What should the training feel like during an acclimation block? Harder than normal at first. That is not failure, it is the point. Early in the block, your normal easy pace may come with a noticeably higher heart rate and stronger sense of strain. If the exposure is appropriate, that mismatch usually improves over several sessions. You may notice that sweat starts earlier, your heart rate stabilizes better, and the same route becomes manageable again. Those are signs that adaptation is happening.

Still, more is not better. Heat illness is a real risk, and ultrarunners are often too willing to turn every useful stimulus into a maximal one. The goal is repeated exposure, not collapse. Warning signs that the session is too aggressive include dizziness, chills, confusion, cessation of sweating, nausea that worsens quickly, and inability to bring heart rate down afterward.
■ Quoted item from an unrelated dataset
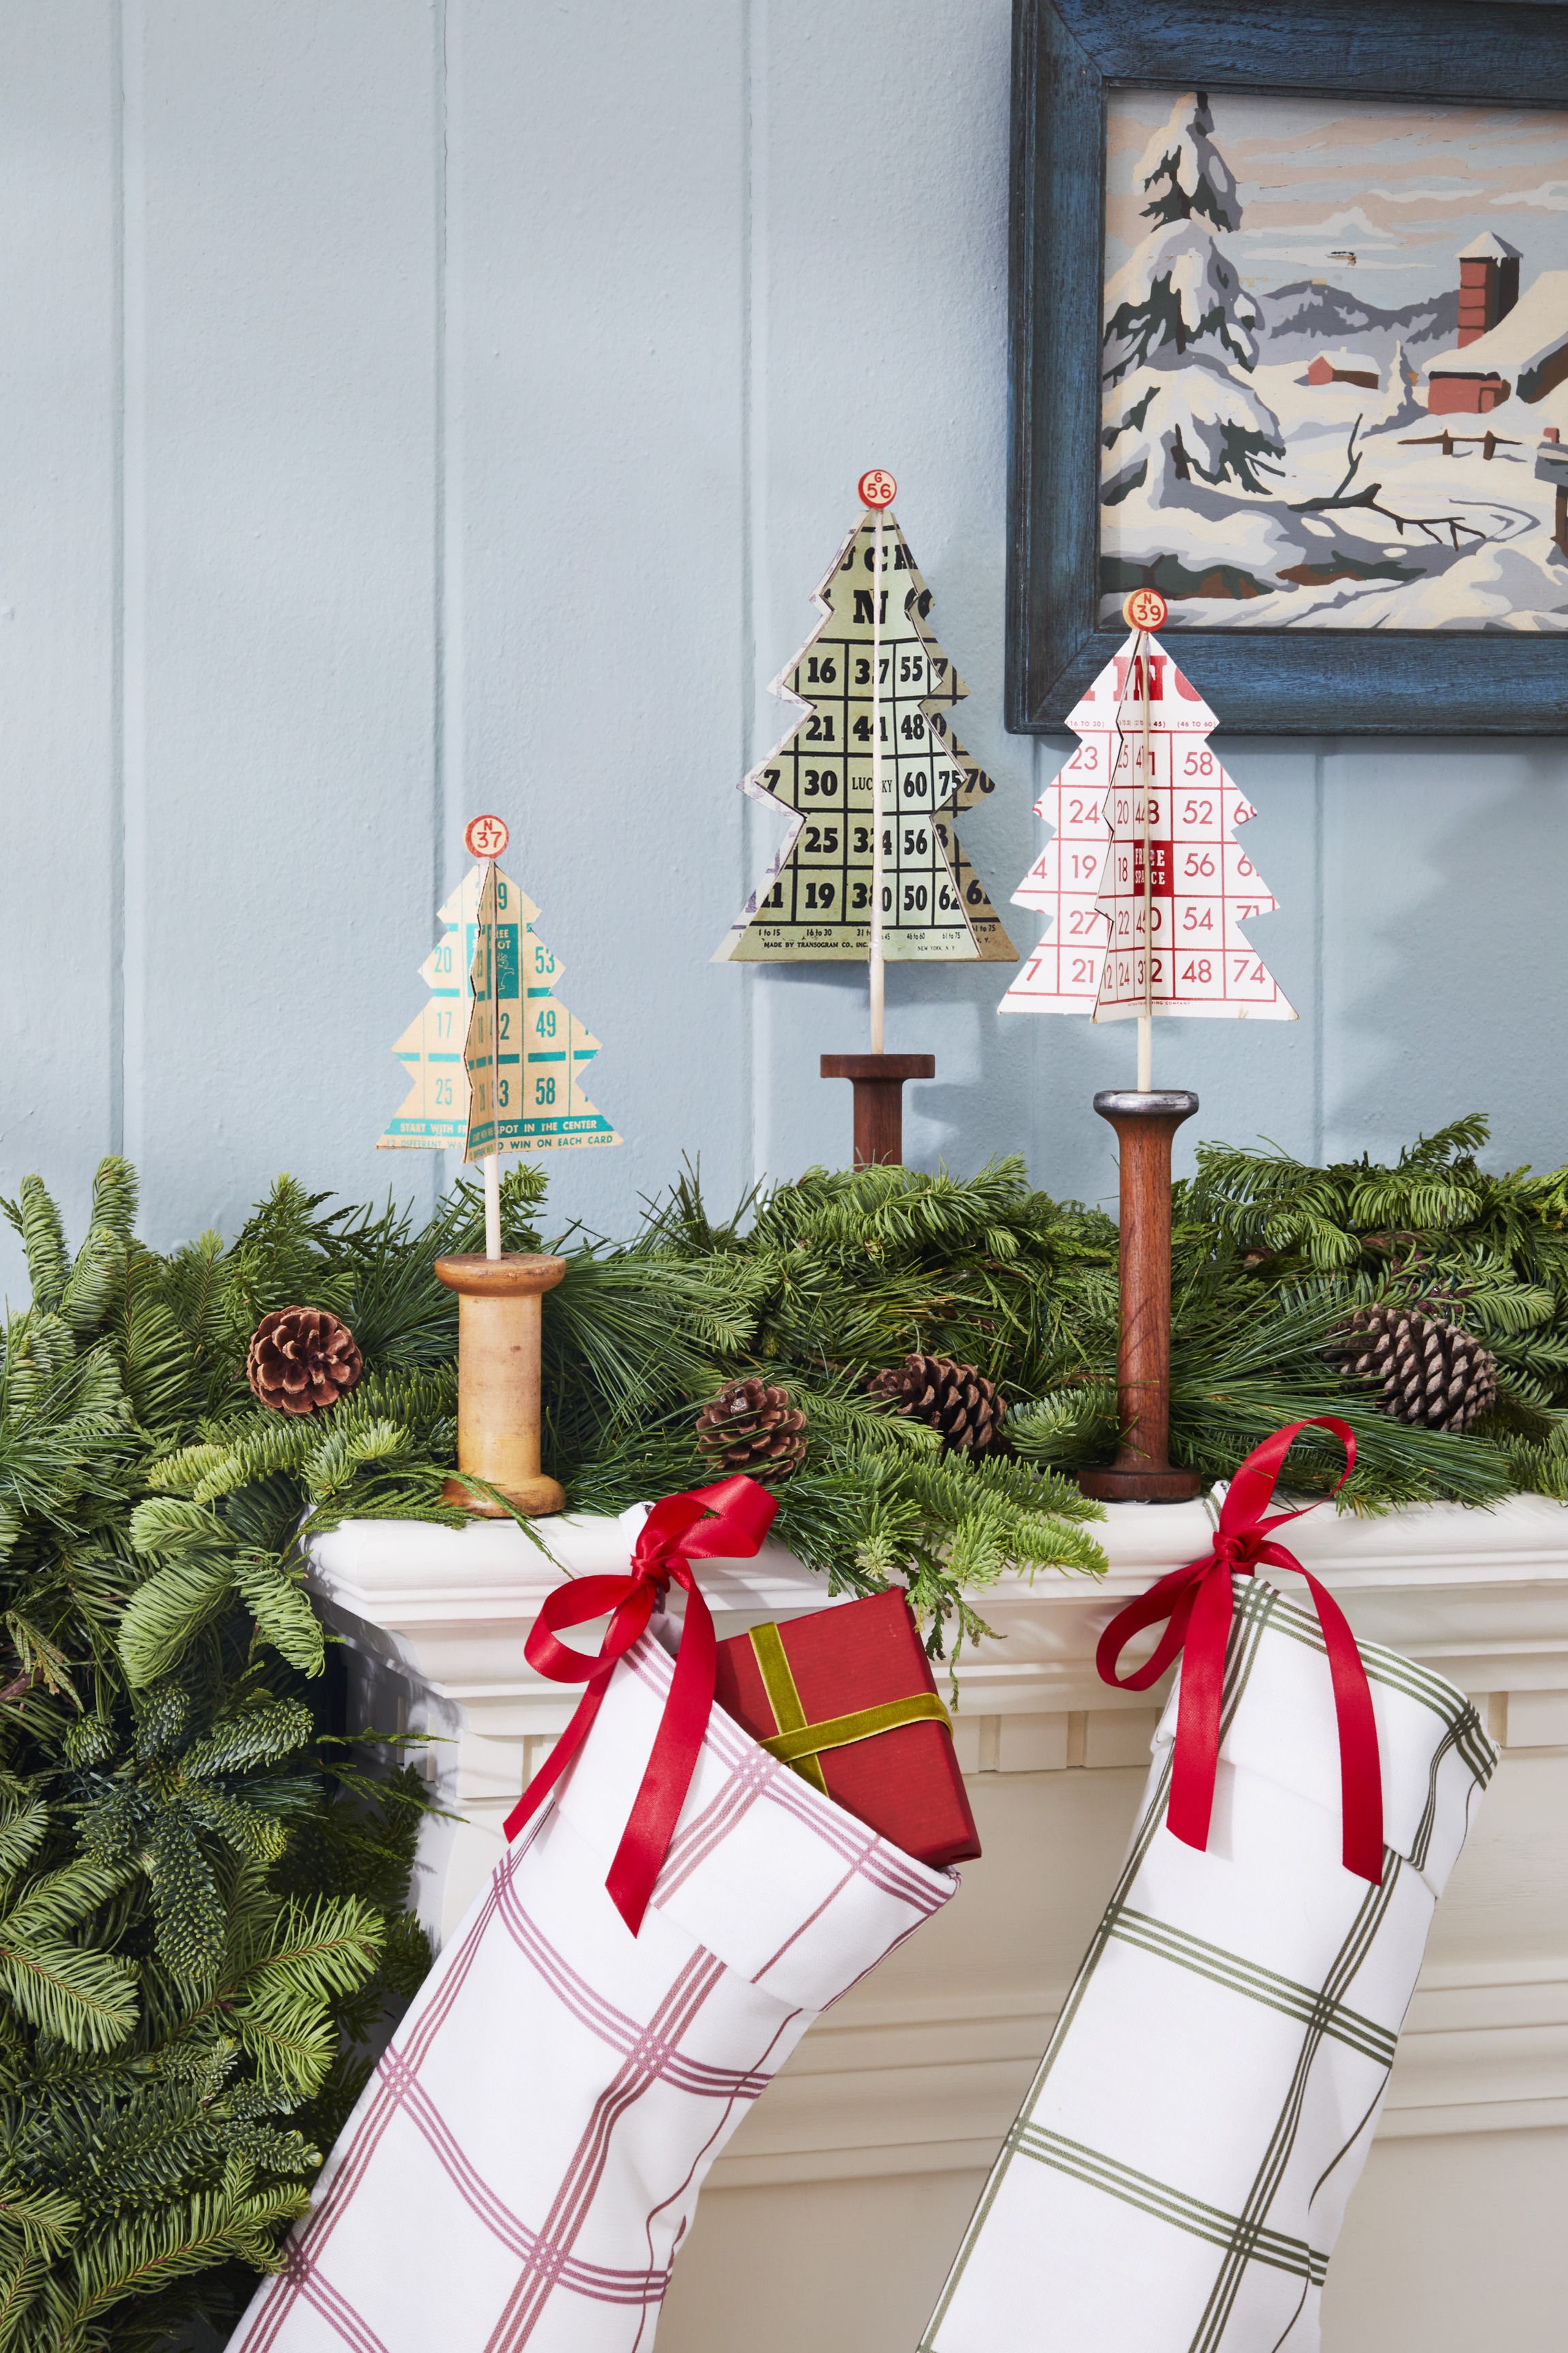 20 DIY Christmas Ornaments to Make + Ultimate Christmas Round-Up

Any heat protocol should start conservatively, especially for athletes who are large, naturally hot-running, or returning from cooler climates.
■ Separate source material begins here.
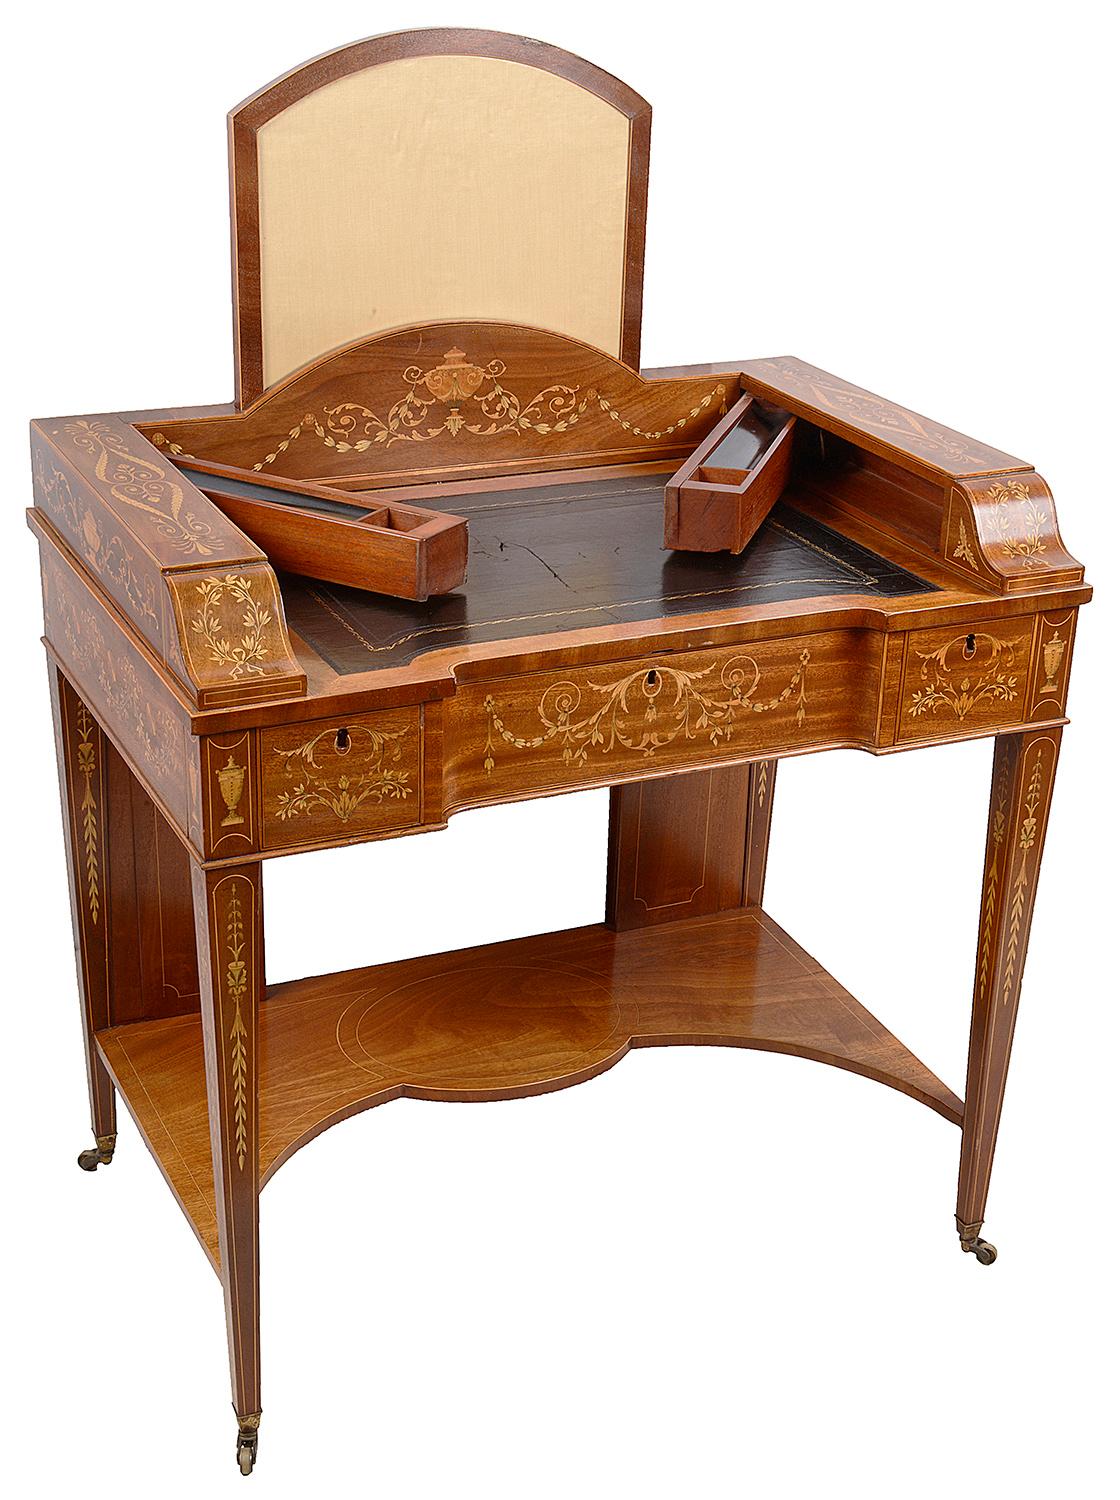 English Sheraton Revival Mahogany Inlaid Ladies Desk, 19th Century For Sale

Hydration needs a precise explanation here because it is easy to become simplistic. You do not need to replace every gram of fluid lost during every heat session. In fact, mild temporary dehydration can be part of the stimulus in some protocols. But starting sessions already dehydrated is a bad idea, and large fluid deficits can push a useful stress into a dangerous one. For most runners, the practical target is to begin reasonably hydrated, drink according to thirst during routine sessions unless the duration or heat is extreme, and then rehydrate steadily afterward. For long runs and long races, the question shifts from adaptation to performance, and deliberate fluid and sodium planning matters more.
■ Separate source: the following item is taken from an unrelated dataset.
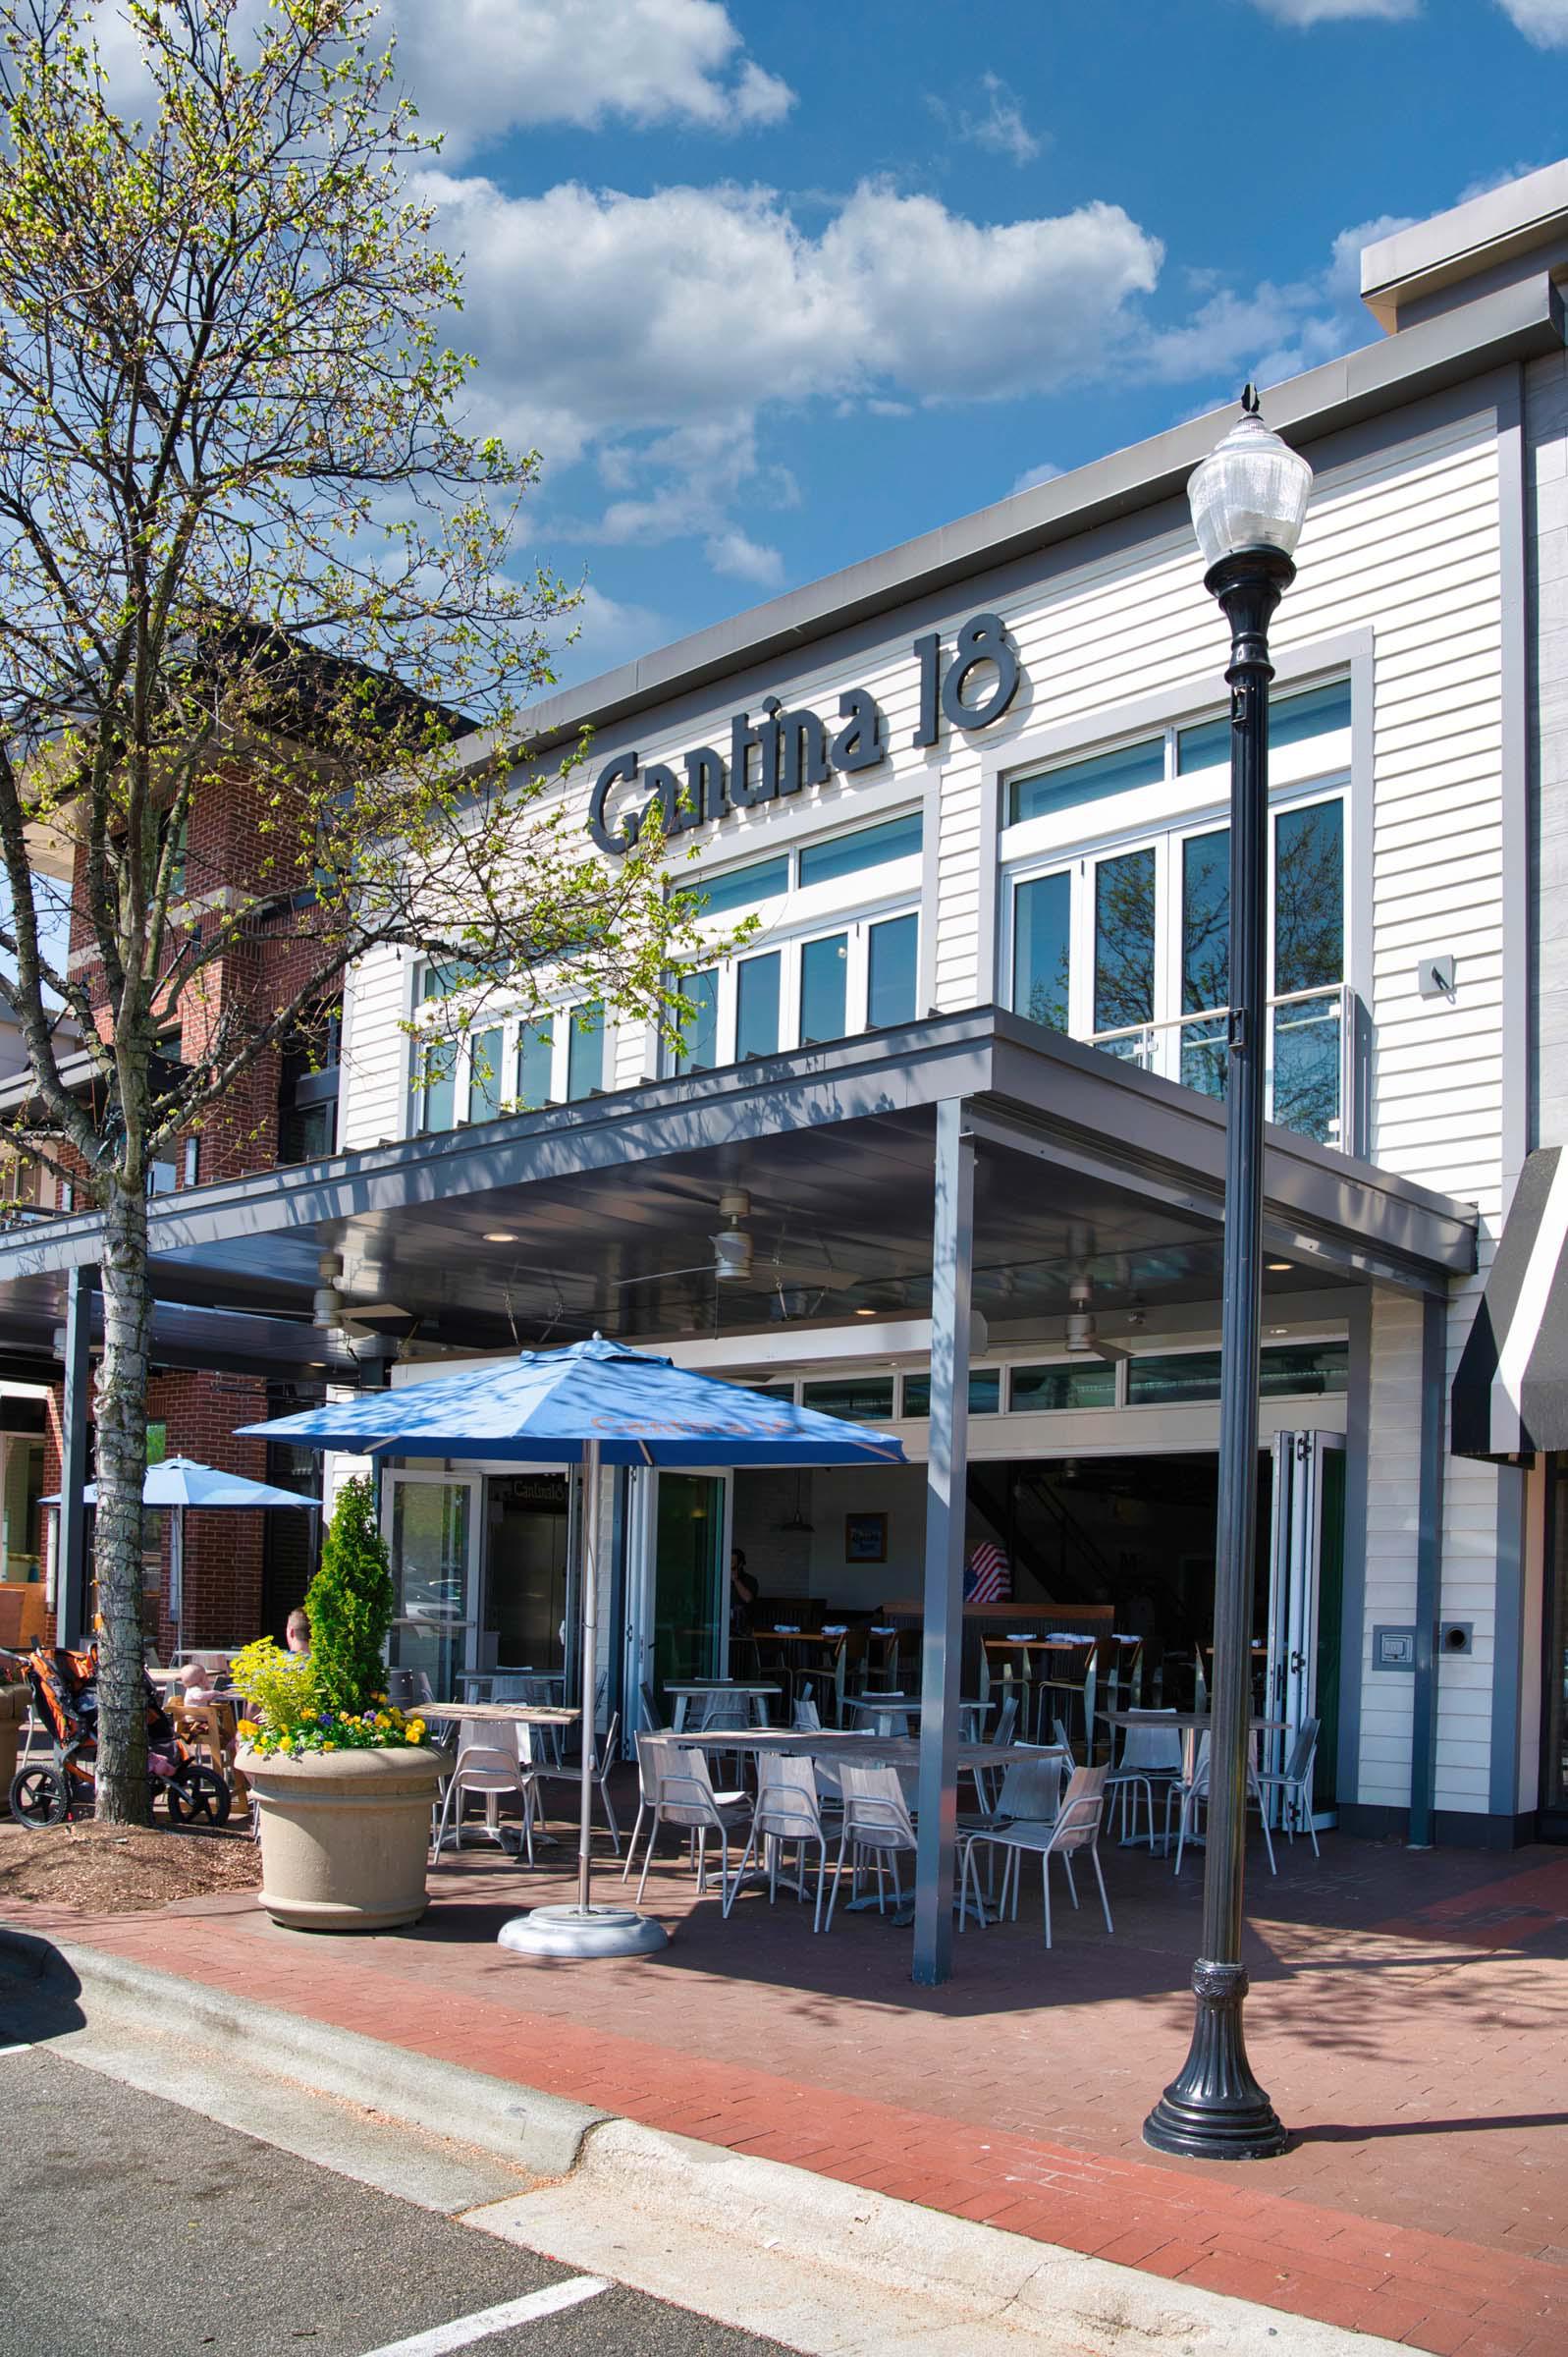 Cantina 18 restaurant in Village District, Raleigh

One interesting reason heat acclimation can help even outside hot races is that plasma volume expansion may support cardiovascular function more broadly. A larger circulating volume can improve tolerance for steady endurance work, and some athletes report that they feel smoother at submaximal efforts after a heat block. This does not mean heat training is a substitute for aerobic training, nor does it mean every runner should live in the sauna year-round. The primary benefit is still for hot conditions. But the adaptation is not entirely limited to race day weather.

The effect does decay if you stop exposing yourself to heat. Some adaptations begin fading within a week or two, though they do not disappear overnight. If your target race is hot, the most useful timing is usually to complete the main acclimation block in the final two weeks before the event, then touch the system regularly until race day. Even short maintenance exposures can help preserve adaptation.

For trail and ultramarathon athletes, terrain adds another layer. Heat stress often spikes on climbs because speed is lower, air movement is reduced, and metabolic heat production remains high. Technical descents can also become riskier when overheating reduces concentration. This is why heat acclimation is not just about average pace. It changes how stable you stay across the full range of race demands, from hiking steep grades to running late descents with tired legs and a high core temperature.

There is also an altitude overlap worth understanding. Some athletes use heat as a partial substitute when altitude access is limited, because both heat acclimation and altitude exposure can expand plasma volume under certain conditions. But they are not interchangeable. Altitude primarily challenges oxygen availability. Heat primarily challenges thermoregulation and circulation. You should not assume one fully replaces the other. If your race is hot, heat work is specific. If your race is high, altitude preparation still matters.

So how should an ultrarunner apply this? Start with the demands of the goal event. If the race is likely to be hot, plan 10 to 14 days of deliberate heat exposure before it. Keep key workouts true to purpose, and use controlled heat after the session when needed instead of forcing every run into bad conditions. On easy hot runs, slow down enough to keep the effort where it belongs. Watch for the adaptations that matter, lower heart rate at a given effort, earlier sweating, less panic when you feel warm, and better pacing judgment. Then carry that into race execution, where the real win is not proving you can suffer in heat, but being one of the runners whose physiology stays manageable long enough to keep moving well.